MADAME CESENAS; puis DUPLAN et MAURICE; puis BERTHE et JULES.
MADAME CESENAS
Pauvre femme!… Elle a tort de s'inquiéter. Berthe est charmante ce soir, et, pour peu que M. Maurice ait du goût… (Le voyant entrer de la gauche avec DUPLAN.)
Ah! voici M. Duplan.
DUPLAN et MAURICE
(saluant. )
Madame…
DUPLAN
Permettez-moi de vous présenter mon fils.
MADAME CESENAS
Monsieur… (A part.)
Il est bien!
MAURICE
J'ai à vous remercier, madame, de l'invitation que vous avez bien voulu me faire l'honneur de m'adresser…
MADAME CESENAS
Je devrais vous gronder, car vous êtes en retard…
DUPLAN
C'est la cravate de Maurice…
MADAME CESENAS(confidentiellement.)
Elle est arrivée… elle danse… restez là… (De la porte.)
Restez là!
(Elle entre dans le bal.)
MAURICE(étonné.)
Qui est-ce qui est arrivé ?… qui est-ce qui danse?
DUPLAN
Une demoiselle charmante… La fille de la belle madame Carbonel.
MAURICE
Eh bien, après? qu'est-ce que ça me fait? je ne la connais pas.
DUPLAN
Non, mais tu vas la connaître… un ange, mon ami, un ange! je n'ai pas voulu t'en parler avant de partir, parce que tu aurais refusé de venir au bal… il s'agit d'une entrevue.
MAURICE
Une entrevue?… vous voulez me marier?… Oh! papa, qu'est-ce que je vous ai fait?
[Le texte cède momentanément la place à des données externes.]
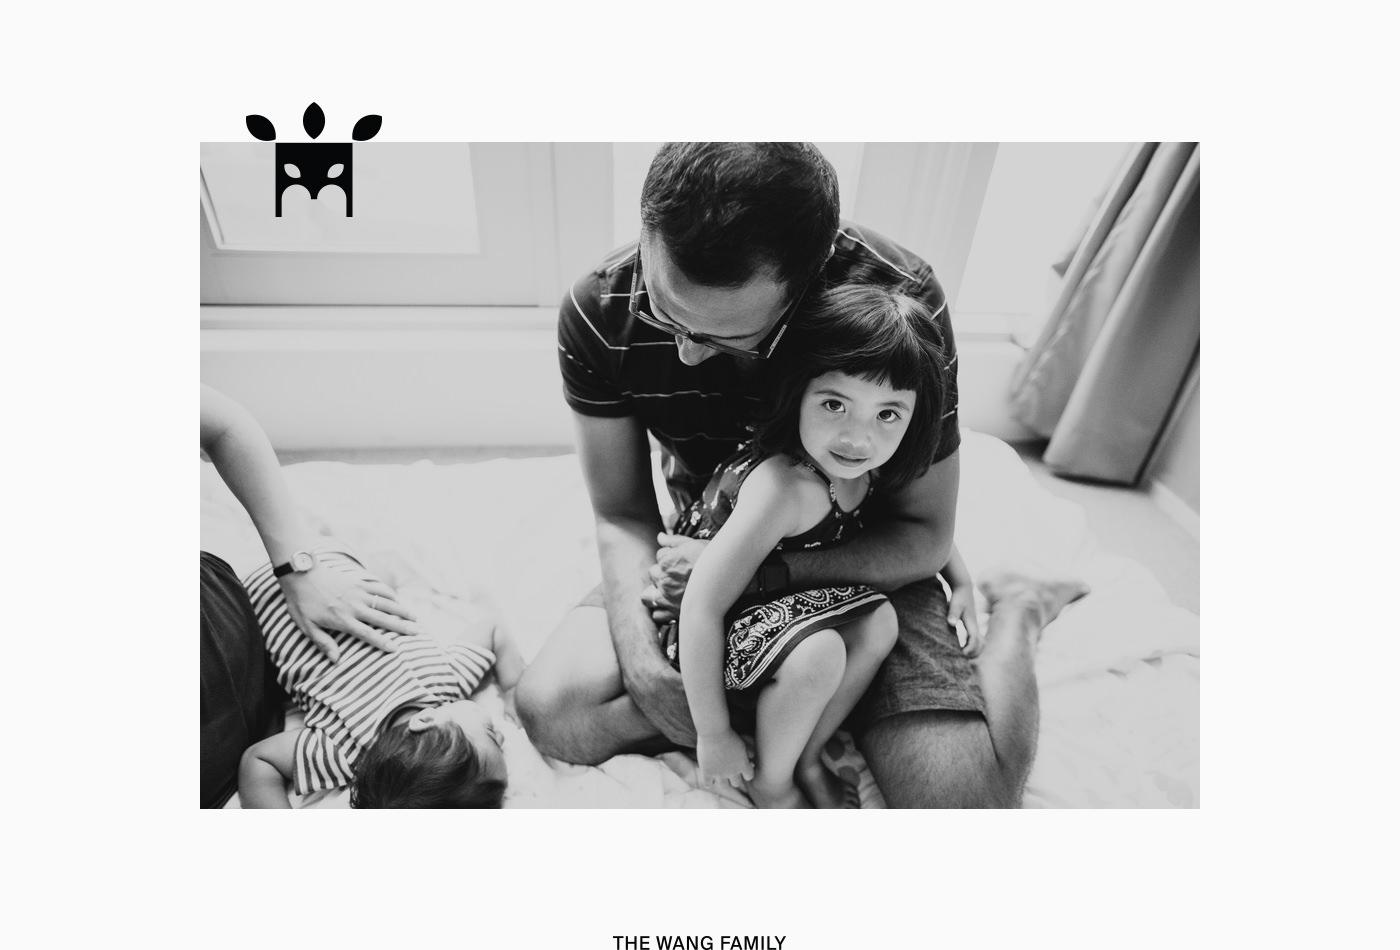 parikha-mehta-parikhamehta-photography-philadelphia-philly-family-editorial-pm-branding-brand-system-letterhead-invoice-vacaliebres-wang1

M'empailler à vingt-sept ans!
DUPLAN
Je ne veux pas t'empailler… Je veux seulement t'empêcher de faire des sottises…
MAURICE
Quelles sottises?…
DUPLAN
Mon ami, tu es un charmant garçon; tu es bon, généreux, sobre, instruit.
MAURICE
Amadouez-moi… je vous vois venir…
DUPLAN
Mais tu as un défaut… tu es faible, irrésolu… tu te laisses dominer par ceux qui t'entourent… je ne t'en veux pas… je suis de même…
MAURICE
Moi? ce matin encore, j'ai flanqué mon domestique à la porte… il s'était mis dans mes bottes!
DUPLAN
Oui, avec les hommes, ça va encore… mais avec les femmes!
MAURICE
Ah! les femmes!… elles sont si gentilles.
DUPLAN
Certainement, elles sont gentilles… du moins, elles étaient gentilles… mais, contre elles, tu n'as pas de défense… Le premier minois chiffonné qui se présente… te voilà pris! tu tiens de ton père… autrefois…
MAURICE
Oh! vous exagérez…
DUPLAN
Je n'en veux pour preuve que ton voyage en Italie… tu étais parti pour six semaines et tu es resté onze mois… Tu devais me rapporter des roses, et tu ne m'as rapporté que des mèches de cheveux…
MAURICE
J'avoue que j'ai perdu un peu de temps à Florence… mais si vous aviez vu la chevelure de Barbara…
DUPLAN
Qu'est-ce que ça me fait, Barbara? (Avec curiosité.)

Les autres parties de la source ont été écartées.